Harvard University law professor Ronald Sullivan lost his position as faculty dean of Winthrop House after student-activists complained that his decision to represent Harvey Weinstein made campus an unsafe place for women. It did not matter to them that Sullivan had previously represented scores of controversial clients—including accused murderers and terrorists—and worked tirelessly to advocate for criminal justice reform.

Now Sullivan has penned an op-ed for The New York Times that criticizes the students for letting their feelings override reason, and the administration for bowing to their demands. He writes:

I am willing to believe that some students felt unsafe. But feelings alone should not drive university policy. Administrators must help students distinguish between feelings that have a rational basis and those that do not. In my case, Harvard missed an opportunity to help students do that.
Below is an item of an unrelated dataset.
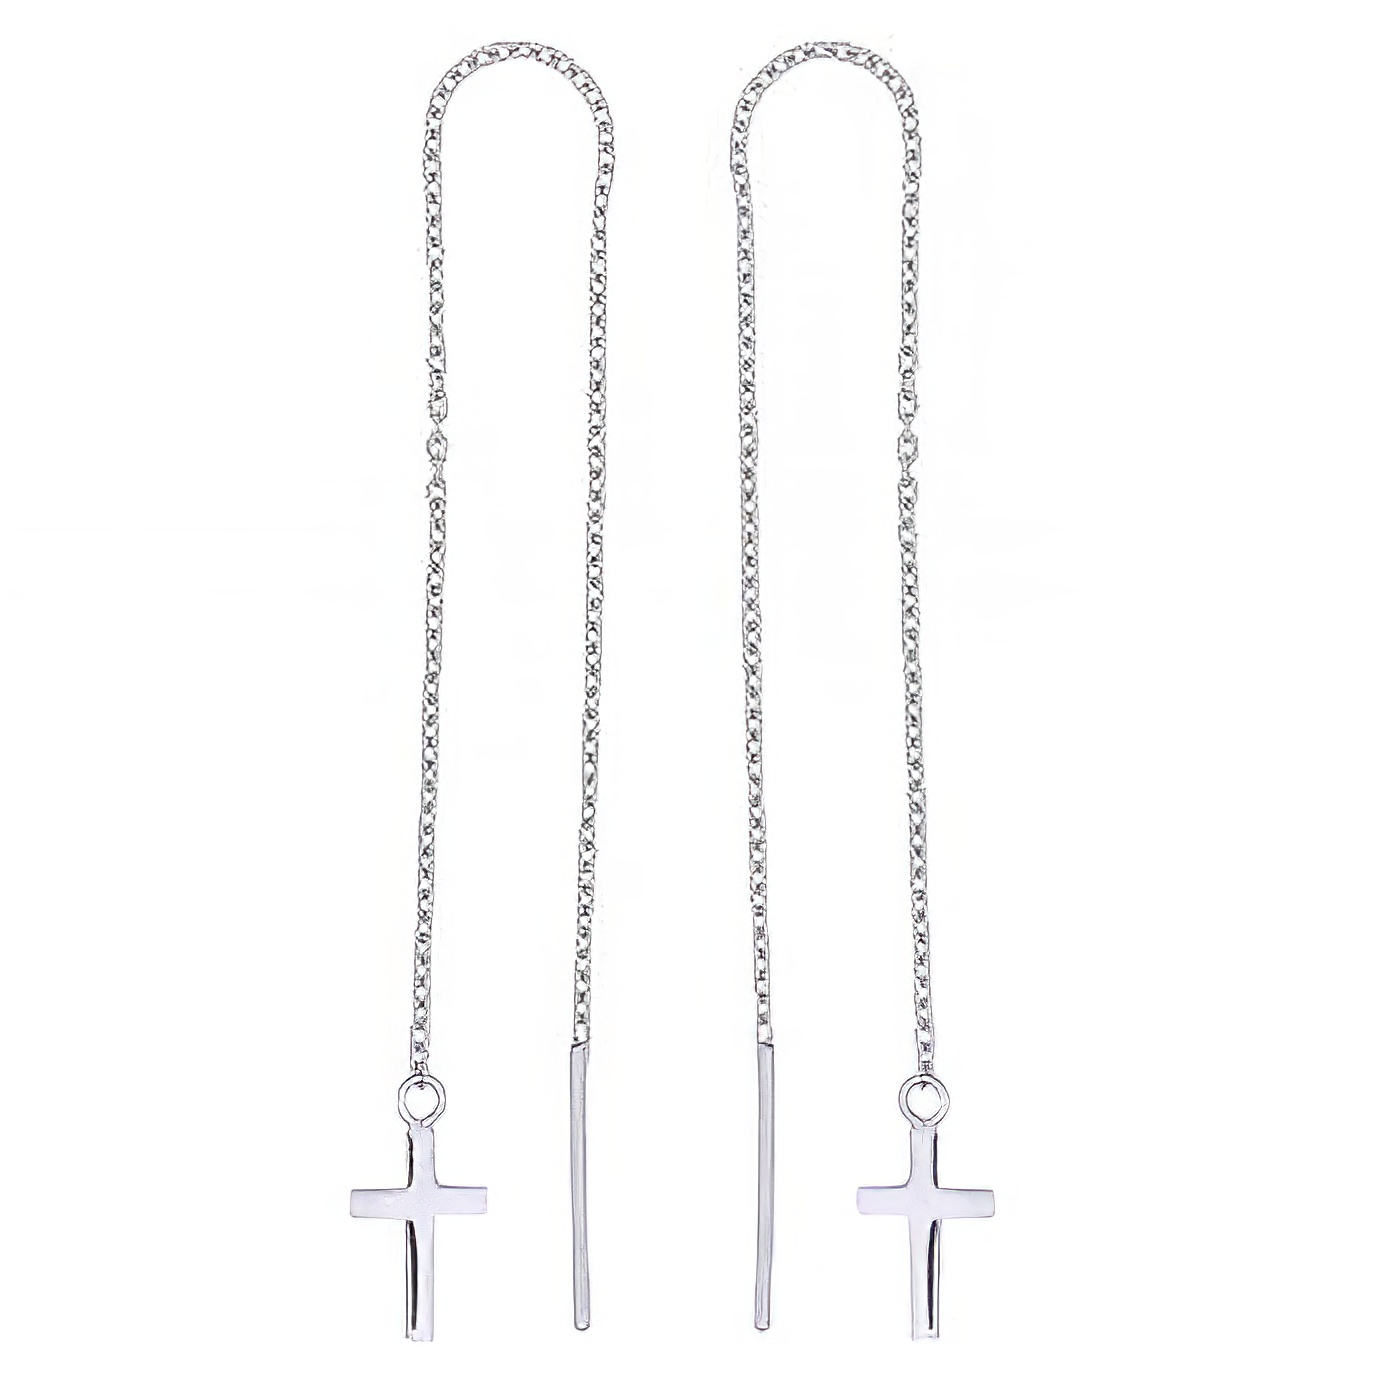 Christian Cross Sterling Silver Threader Earrings by BeYindi

I wish I could say that Harvard’s response in these matters is unique in higher education. Unfortunately, many universities have failed in this regard of late.

Unchecked emotion has replaced thoughtful reasoning on campus. Feelings are no longer subjected to evidence, analysis or empirical defense. Angry demands, rather than rigorous arguments, now appear to guide university policy.

This must change. Until then, universities are doing a profound disservice to those who place their trust in us to educate them.

The op-ed is worth reading in its entirety.

Regrettably, Sullivan is exactly right: Too many elite institutions of higher education have given credence to the demands of a small number of activist students. As a result, campuses have become less friendly to free expression and due process in recent years. For more about why and how this trend took shape, order my brand new book, Panic Attack: Young Radicals in the Age of Trump.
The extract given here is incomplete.